# My First Setup



## Boktiet (11/6/16)

So after my visit to the friendly Vapeking today I just started my vaping journey. Here's to many more vape gear purchases.

Reactions: Like 4 | Winner 3


----------



## SAVaper (11/6/16)

Congratulations


----------



## Boktiet (11/6/16)

Thanks a lot...


----------



## Nailedit77 (11/6/16)

Nice 1st setup bud  enjoy it, 1st of many many to come

Reactions: Agree 1


----------



## Andre (11/6/16)

Great setup. Congrats. All the best with your vaping journey. Keep us updated.


----------



## Stephen (11/6/16)

Nice setup, enjoy your vape journey


----------



## Deckie (11/6/16)

Excellent first vape setup. You'll definitely enjoy the new gear & all the best with your vape journey & choice of a healthy lifestyle.


----------



## SQL -Jazz Guitar-Vapa (11/6/16)

Awesome setup - My first setup was a pink Vivi Nova on an ego style battery


----------



## Cerberus (11/6/16)

Nice!


----------



## Clouds4Days (12/6/16)

Nice setup bud. You cant go wrong with the rx. And protank still very new but so far no bad write ups on it.

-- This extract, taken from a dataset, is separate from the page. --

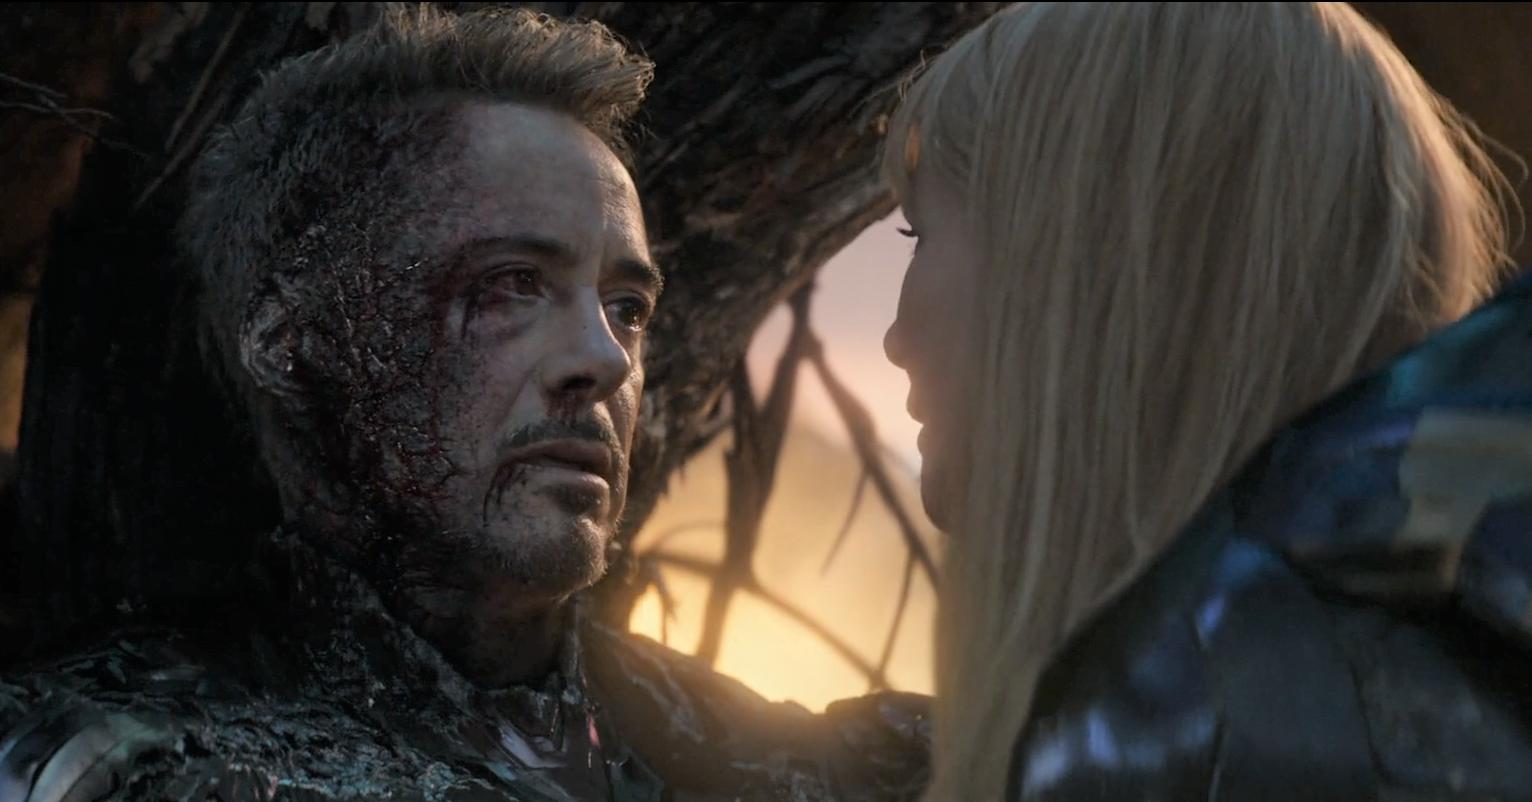 When Tony Stark dies in Avengers- Endgame

Welcome to the vapelife bud.
Wish you many happy days of sunshine filled with clouds...

Vape on brother...


----------



## Silver (12/6/16)

Welcome @Boktiet 
Great setup!
Wishing you all the best with the vape journey


----------



## Boktiet (12/6/16)

Thanks for all the kind words guys. I do have quick question. I am running the .5ohm ceramic coil. Reads at .6ohm and I am running at 40watt. After the second draw it starts spitting. Is my wattage too high? Made sure there are no leaks anywhere.


----------